Как он позволил ей решать все за него? В какой момент это произошло? Он ее не любил. Был очарован, даже нет, не так: он смотрел на нее, как на человека, с которым у него нет и не может быть ничего общего. Она была женщиной с мозгами ребенка, которая вдруг стала от него зависеть. И не как Александра. А полностью, с потрохами. Да, она принадлежала ему абсолютно. Он мог ее разобрать и снова собрать, как игрушку. Он знал, о чем она думает, что чувствует. Он знал, на какие рычаги нажать, чтобы получить желаемое. Соня в его руках была как кукла: наклонишь – и она закроет глаза, поднимешь – и она скажет «мама». И ему было интересно, куда и к чему это приведет.
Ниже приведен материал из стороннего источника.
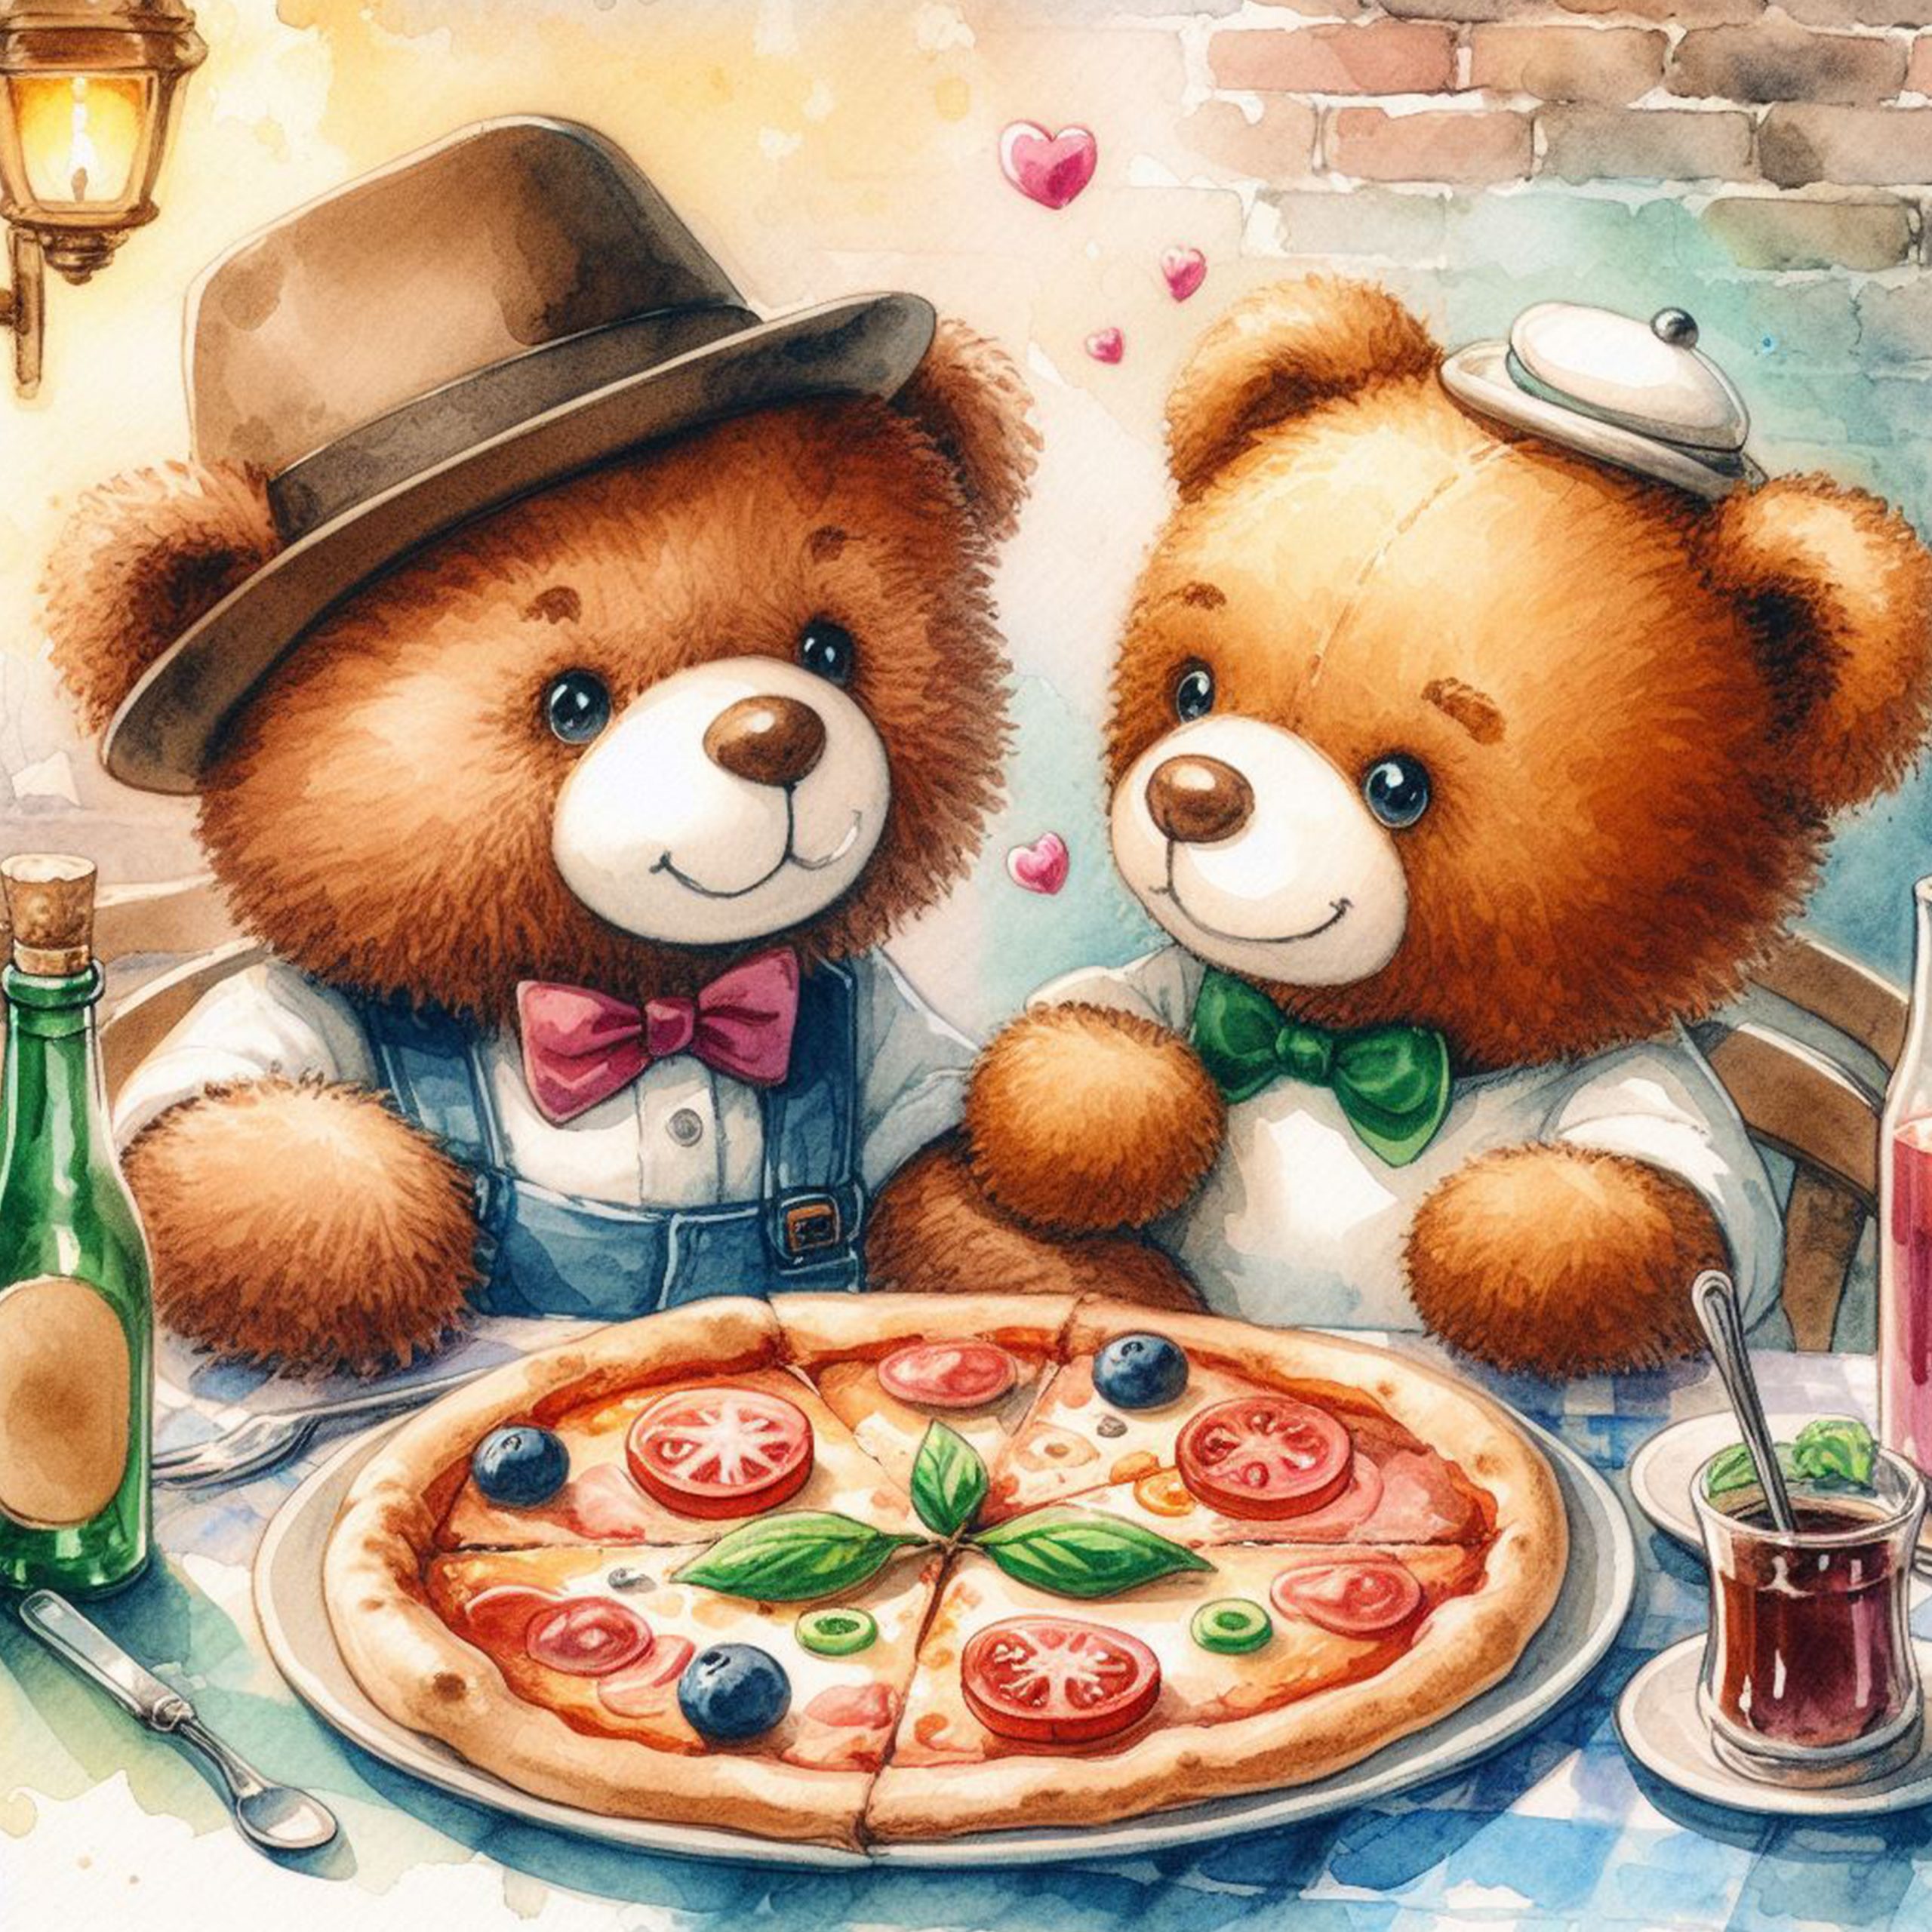 Pareja de osos Teddy comiendo pizza

А еще ему было интересно, когда Соня сломается, когда ее заклинит от его бесконечных экспериментов. Когда она поведет себя как живая, нормальная женщина. И может ли она быть нормальной? Может ли кричать, устраивать истерики, иметь собственное мнение, ненавидеть, прощать, терпеть, страдать… Соня была куклой, в которую загрузили определенную программу, и она ее отрабатывала – улыбалась, красиво ходила, держала его под руку, снова улыбалась. Она даже спала красиво – не двигаясь, не шевелясь, в красивой шелковой ночной рубашке, которая никогда не мялась. От Сони всегда приятно пахло – чуть сладковато, чуть приторно. Владимир скорее из физиологического интереса, чем в приступе страсти, не пускал Соню в душ, чтобы узнать, чем она пахнет по-настоящему.
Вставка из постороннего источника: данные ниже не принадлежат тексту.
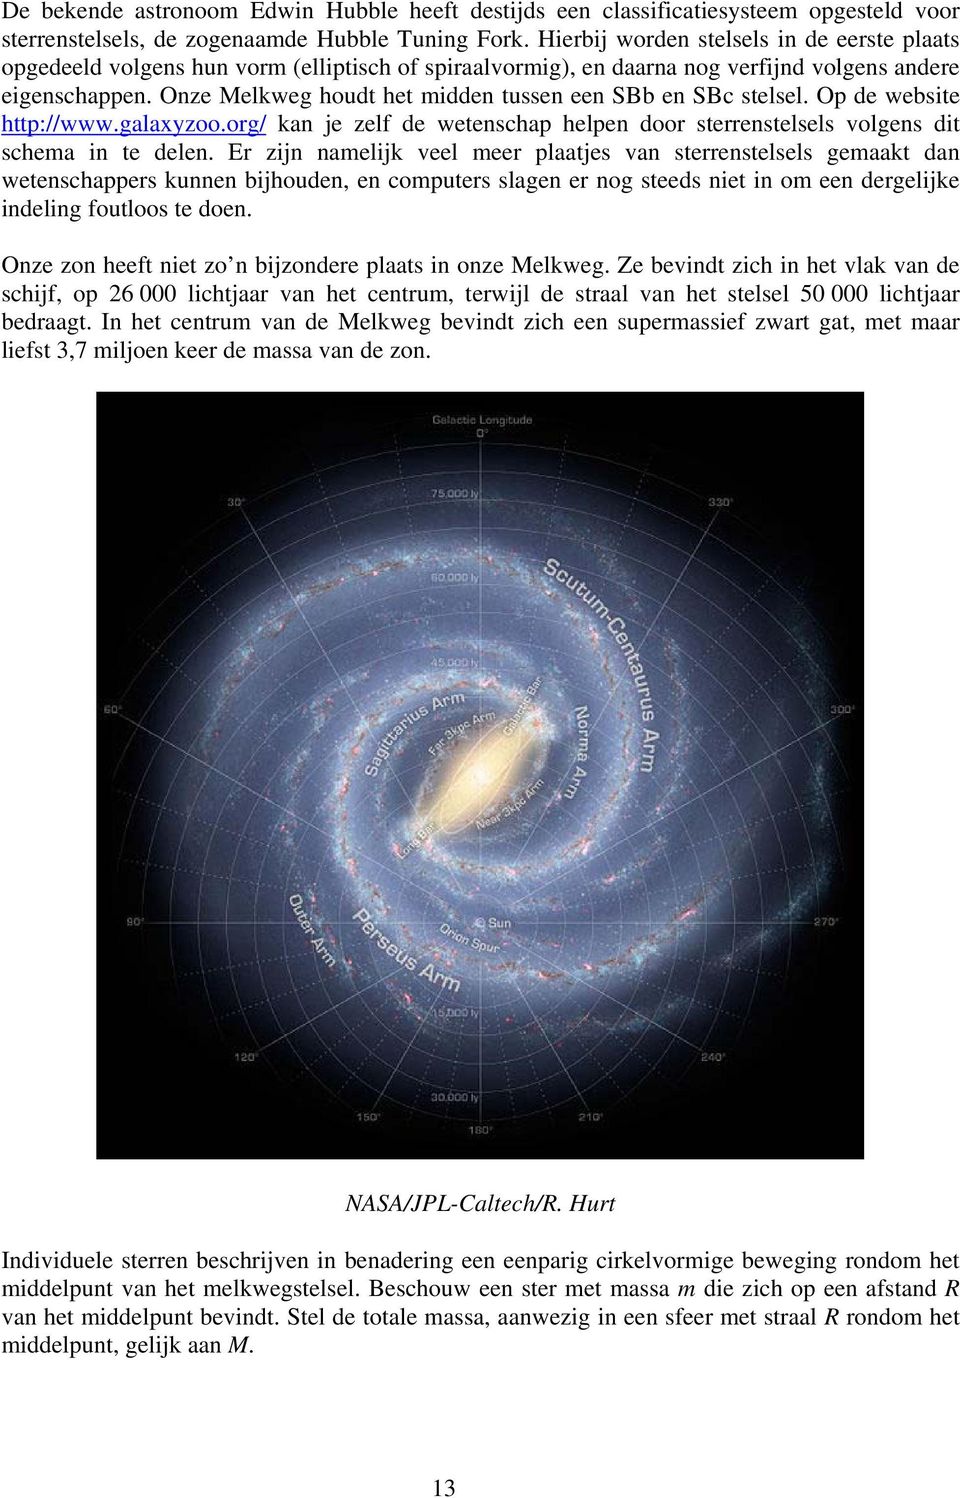 Onze Melkweg houdt het midden tussen een SBb en SBc stelsel. Op de website http://www.galaxyzoo.org/ kan je zelf de wetenschap helpen door sterrenstelsels volgens dit schema in te delen.

Александра всегда пахла липовым цветом. На самом деле, она пахла по-разному, предпочитая тяжелые, терпкие, сложносочиненные духи, но Владимир знал, что ее настоящий запах – липа. Лечебный, деревенский, быстро отцветающий, но дающий спокойствие. Говоря откровенно, Владимир точно не помнил, как именно пахнет липа, но представлял себе Александру именно такой – цветком с несоразмерными листьями, который снимает любую хворь. Липовый цвет точно не навредит. Успокоит, снимет тревогу, боль, температуру.
Соня всегда пахла так, как и должна пахнуть кукла, – сладко и стойко. Искусственный аромат, не вытравляемый ни запахом города, ни временем, въелся в нее намертво. Владимир даже мечтал о том, чтобы поймать новую ноту – запах вина, пота, сигарет, бензина, духоты, мороза – не важно. Но к Соне ничего не прилипало. Она всегда была свежа, и вечером этот запах лишь усиливался – искусственно-цветочный, без лишних примесей и следов натуральных компонентов. Соня была как концентрированный сок, который пахнет апельсином, на вкус как апельсин, но в нем нет и следа от цитрусовых. Обман, зафиксированный мелким шрифтом на упаковке. Достижения химической промышленности, а в случае с Соней – аномалия, которая не давала телу источать натуральные запахи.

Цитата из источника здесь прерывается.